Grandpa used to be a stone mason, (and a contractor at that, so a free mason is not too far fetched), which I found out only after he died. I sometimes entertain myself imagining asking him about illuminati or even snooping through his science journals for any secret remarks. I fancy myself a detective and see him even possibly? playing along and sneaking some notes my way while openly denying any involvement. It’s funny how sweet and cultivating that bond is. Completely imaginary, yet it nurtures me the way I think grandpa would, if he had a chance. Or is it truly him sipping into me through the mark he left in the hearts of the people around me? His presence truly never goes away, it replenishes, just like his mushroom tea that used to stand by the kitchen window. Absolutely normal mushroom, no hallucinations or anything. When soaked, though, it would make the water taste like kvass. You’d drink some, put more water in, and the mushroom would replenish the flavor. You didn’t even have to change the mushroom! It was basically living in that water, and the “flavoring” was just a byproduct of that living (pee?). I loved that concept of never-ending almost-kvass (especially since I never had money for the real thing), and wondered if one can make a perpetual motion engine out of it (if it’s never ending?).
Grandpa died some 15 years ago, and now grandma is getting by on her own. I talk to her over the phone (or rather over the brittle skype-to-cell bond thing that apparently still exists these days), and she tells me the stories of her childhood, the struggles she’s gone through, and the world as it’s been before I came around.

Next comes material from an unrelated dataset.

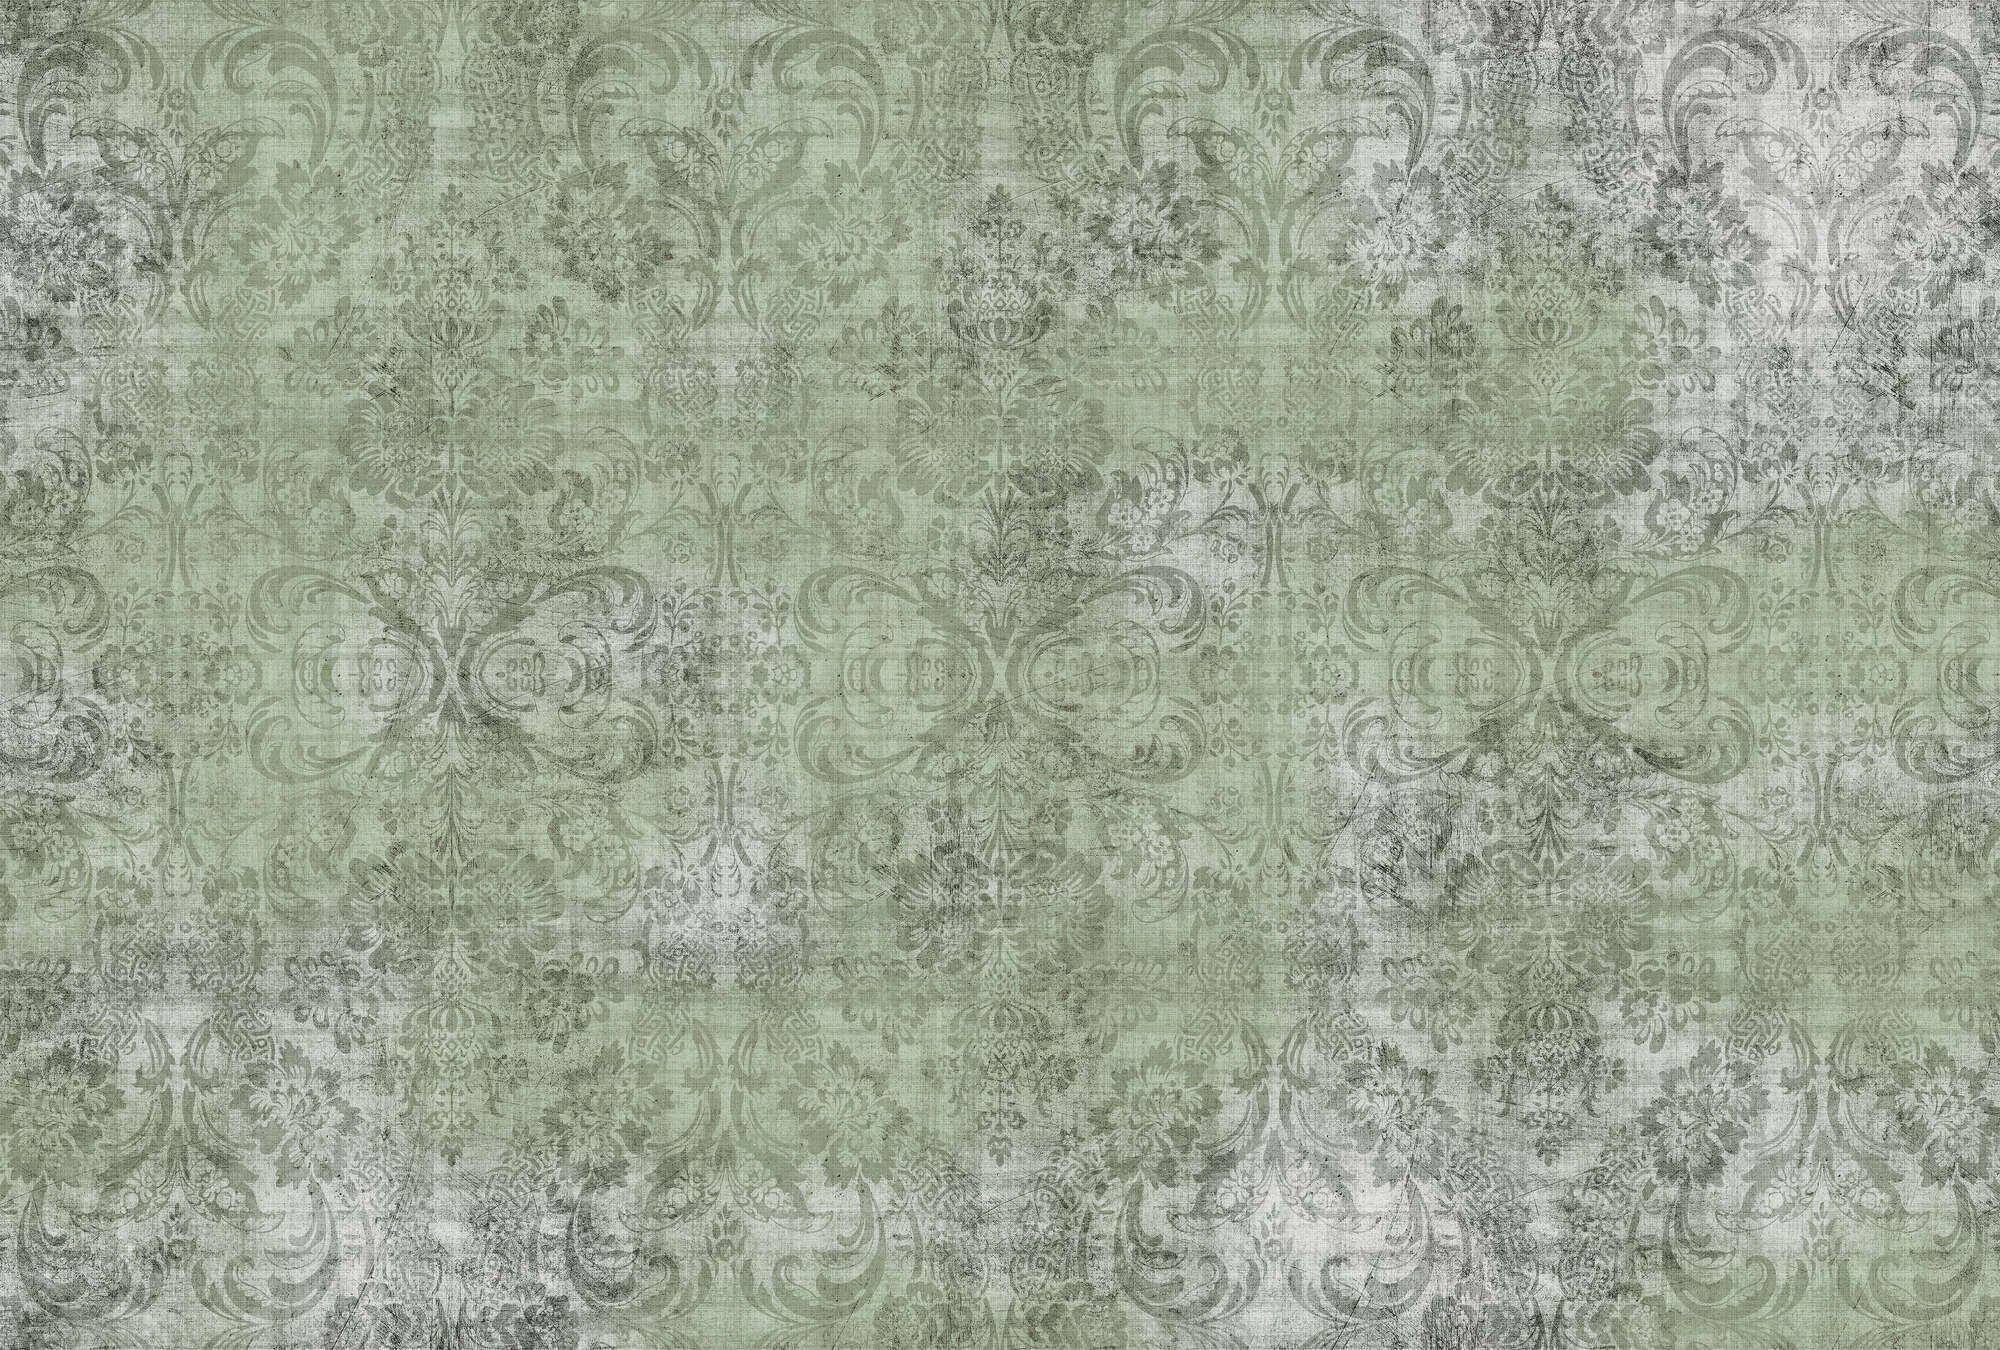             Oud damast 2 - Ornamenten op groen-motief fotobehang- Natuurlijke linnenstructuur - Groen | Parelglad vlies

She pours the stories down the mic of her dial phone, through the cell towers to the skype centers (I imagine), where it’s re-molded to travel down the big thick wire under the ocean all the way to me, where I cradle those stories onto a piece of paper lying around that night. I take notes now, less I forget something and it’s gone forever.
When I think of her before the madness, before grandpa died, I imagine those hot summers she’d work in the fields, almost immune to the sunlight (or rather outsmarting it). I wonder if she learned from the sun the art of stinging – she’s got quite a sharp tongue. She’d work that soil, digging potatoes, taking them out one by one and into the buckets. And when the breeze came, it would swing the garlic grass with its tiny heads, not yet developed but fragrant. The breeze would make grandma turn and realize that the tall sunflowers turned away from her to catch that last glimpse of the sun. Did the days feel too short then?
I remember those canned peppers that dad loved. They grew only in that region, I guess, and grandma would use just the perfect brine I don’t know the recipe of. The peppers here are either too spicy or too mild or plain, and it’s growing into my life’s mission to find the right thing. Just like one day I’ll find that magic tea mushroom and make the ever-going engine, I’ll also find those peppers and bring them to dad to see that big smile on his face.
All that richness and life that soaked the fields, the smiles, the walls, it must still be there somewhere, it can’t just disappear, dissolve in this gore and chaos. I’m sure it’s hiding somewhere, behind the gooseberry bushes in our backyard, in the branches of the cherry tree I could never climb, in the soil depleted by sunflowers, or in those potatoes that nobody dug up that last summer. I hope some piglets got to those potatoes, sensing grandma’s love that would nurture and protect them through the minefields and airstrikes in the months to come.